Вдруг в окне мелькнула пара тоненьких крохотных ножек, обутых в синенькие балетки. Скрипнула дверь и в комнату влетела миниатюрная девушка, с растрепавшимися волосами и плащиком, небрежно накинутым на плечи. Парень обвел ее взглядом, как и всякий мужчина, если в комнату заходит женщина, которую никогда не видел. И что-то было в этом взгляде такого, отчего она вспыхнула, едва заметно фыркнула и отвернулась. Эта мимолетная сценка была так привычна для них двоих, что каждый не придал ей ни малейшего внимания. Девушка спокойно повесила синенький плащик на гвоздик, поправила выбившуюся из юбки белую рубашку и, слегка качнув бедрами, как делают это большинство девушек, села за соседний столик. Аккуратненько сложив ручки перед собой, она достала из сумки тоненькую книжку, издалека больше похожую на буклет, и принялась что-то усердно читать. Он не сводил с нее глаз, даже не потому, что она ему нравилась, а потому, что не видел никакого другого предмета для размышления. Смотрел на нее, и не мог понять, красивая она или нет. Внешность, построенная на противоречиях, не сильно прельщала парня. Он сразу заметил прямой нос и густо подведенные глаза, с немного восточным разрезом. Губы девушки были довольно пухлые, розовые, но, читая, она постоянно их грызла или крепко поджимала. Чересчур выступающие скулы и маленький подбородок красоты ей, так же, не добавляли, а растрепанный неаккуратный пучок и вовсе портил впечатление. И все же, он не мог заставить себя перестать рассматривать ее.

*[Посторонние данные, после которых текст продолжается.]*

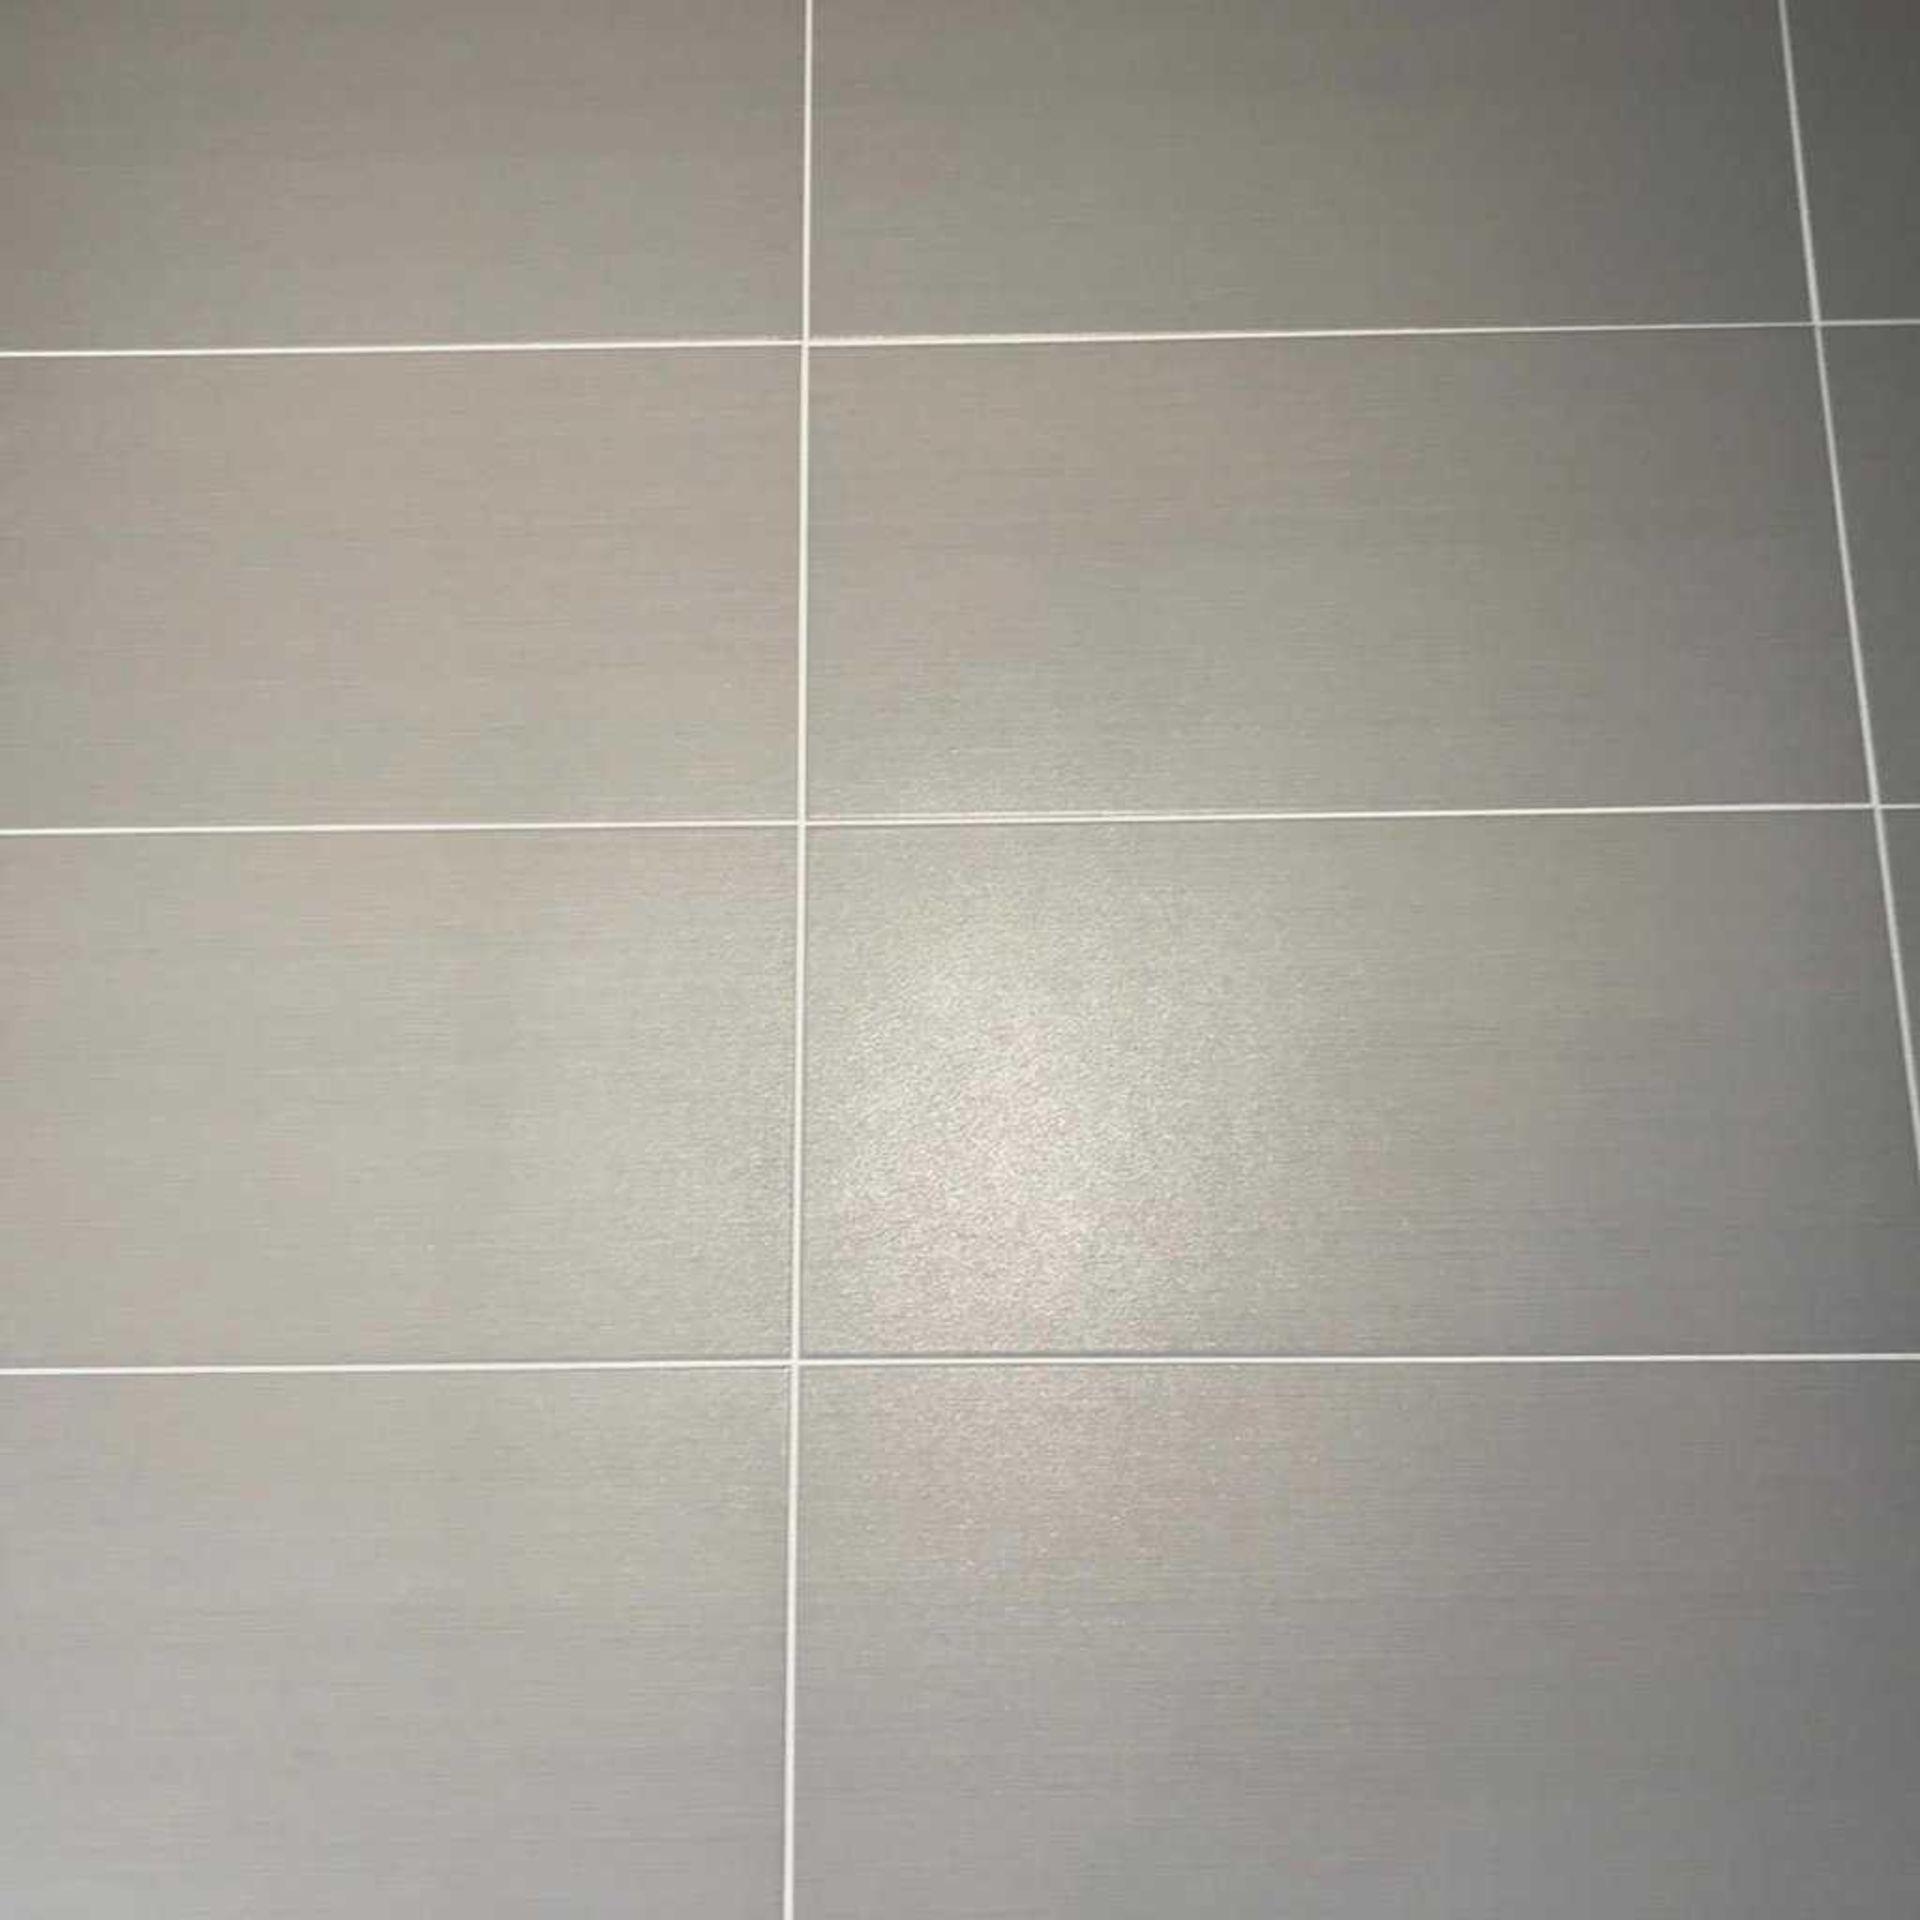 RRP £1000 Pallet To Contain 40 Packs Of 5 Johnson's Lat12A Latitude Smoke Satin Tiles

Когда ей принесли чай, она лишь немного отодвинула книгу и, обхватив тонкими пальчиками кружку, пару раз глотнула, тут же поставив ее на место.
— Что Вы читаете? – неожиданно спросил он.
Девушка дернулась и, даже не поднимая головы от книги, ответила:
— Маяковский, — голос у нее был высокий, даже неприятный.
— Надо же, а я только сдавал.
— Какое совпадение, — без всякого удивление сказала она, наконец-то подняв взгляд и посмотрев куда-то сквозь своего собеседника.
Глаза у нее были грустные и какие-то темные.
— А что читаете?
— «Флейту-позвоночник».
Парень улыбнулся и повернулся к ней, вертя в руке полупустой бокал.
— А если конкретнее?
— А зачем Вам конкретнее? – она приподняла бровь и улыбнулась уголком губ.
— Не знаю, интересно.
— «Сердце обокравшая,
всего его лишив,
вымучившая душу в бреду мою,
прими мой дар, дорогая,
больше я, может быть, ничего не придумаю»
Она замолкла, и голос ее еще какую-то секунду отзывался эхом в пустом зале.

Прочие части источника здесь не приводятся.